Pull Request Overview

This pull request refactors the LakeFSContext.newRDD method to directly process ranges using Spark RDD operations instead of using Hadoop's InputFormat API. The changes aim to simplify the data loading pipeline by bypassing the InputFormat layer.

Key changes:

Replaces sc.newAPIHadoopRDD with direct RDD operations using mapPartitions
Makes the Range class public and serializable for use across Spark operations
Introduces direct file handling and SSTableReader creation in RDD transformations

Reviewed Changes

Copilot reviewed 2 out of 2 changed files in this pull request and generated 2 comments.

File	Description
clients/spark/src/main/scala/io/treeverse/clients/LakeFSInputFormat.scala	Makes `Range` class public and serializable to support cross-partition serialization in Spark RDDs
clients/spark/src/main/scala/io/treeverse/clients/LakeFSContext.scala	Refactors `newRDD` to use direct RDD operations instead of InputFormat, processing ranges and entries through `mapPartitions` transformations

💡 Add Copilot custom instructions for smarter, more guided reviews. Learn how to get started.
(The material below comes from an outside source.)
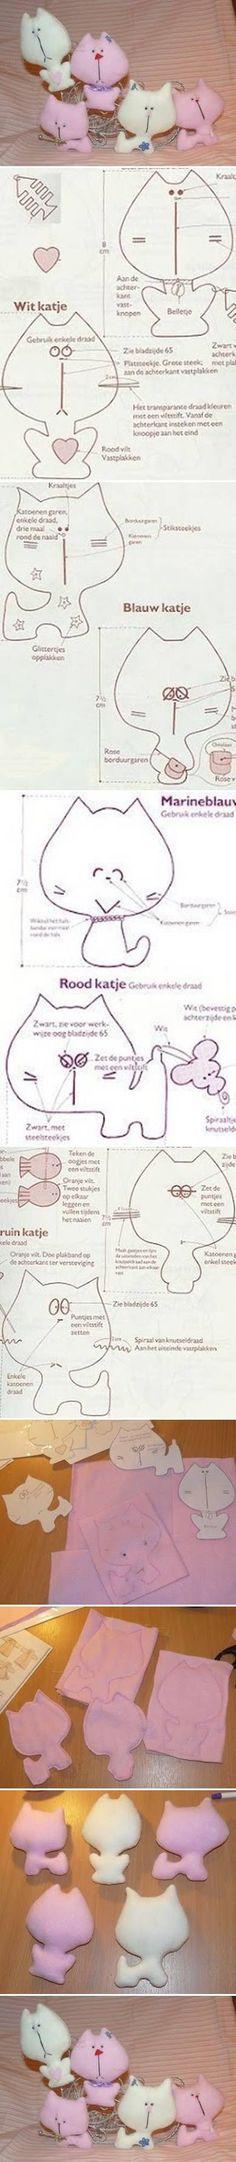 DIY Cute Little Fabric Cats

Copilot · 2025-11-10T13:06:49Z

clients/spark/src/main/scala/io/treeverse/clients/LakeFSContext.scala

+        val localFile = File.createTempFile("lakefs.", ".range")
+        fs.copyToLocalFile(false, path, new Path(localFile.getAbsolutePath), true)
+        val companion = Entry.messageCompanion
+        val sstableReader = new SSTableReader(localFile.getAbsolutePath, companion, true)
+        // TODO(ariels): Do we need to validate that this reader is good?  Assume _not_, this is
+        // not InputFormat code so it should have slightly nicer error reports.
+        sstableReader.newIterator().map((entry) => (entry.key, new WithIdentifier(entry.id, entry.message, range.id)))


The temporary file and SSTableReader are not properly cleaned up, leading to resource leaks. The TODO comment acknowledges this issue. Similar to the pattern used in EntryRecordReader (lines 95-98 in LakeFSInputFormat.scala), you should register a task completion listener to delete the temporary file:

val localFile = File.createTempFile("lakefs.", ".range") Option(TaskContext.get()).foreach(_.addTaskCompletionListener(_ => localFile.delete()))

Additionally, the sstableReader should be closed when the task completes. Consider adding:

Option(TaskContext.get()).foreach(_.addTaskCompletionListener(_ => sstableReader.close()))

Wow, nice one Copilot!

arielshaqed · 2025-11-10T13:49:48Z

Plan before pulling:

Review.
Run in mark-only mode on a large repo, see it is faster.
Run in mark-only mode on a medium repo, see it agrees with the old one.

D'oh.

All errors during closing are _logged_ but do not fail the task: these are readonly objects, so bad closes can do no more than leak (on "reasonable" systems). Flagged by **Copilot**, hurrah for verifiable actionable suggestions!

Read objects in parallel: - from directory listing; - from commits Default parallelism is no good for either of these, because it is based on # of CPUs - and we want a _lot_ more. New configuration option `lakefs.job.range_read_parallelism` configures this parallelism.

N-o-Z · 2025-11-20T00:16:49Z

clients/spark/src/main/scala/io/treeverse/gc/GarbageCollection.scala

          .except(committedDF)
          .except(uncommittedDF)
-          .cache()
+          .persist(StorageLevel.MEMORY_AND_DISK)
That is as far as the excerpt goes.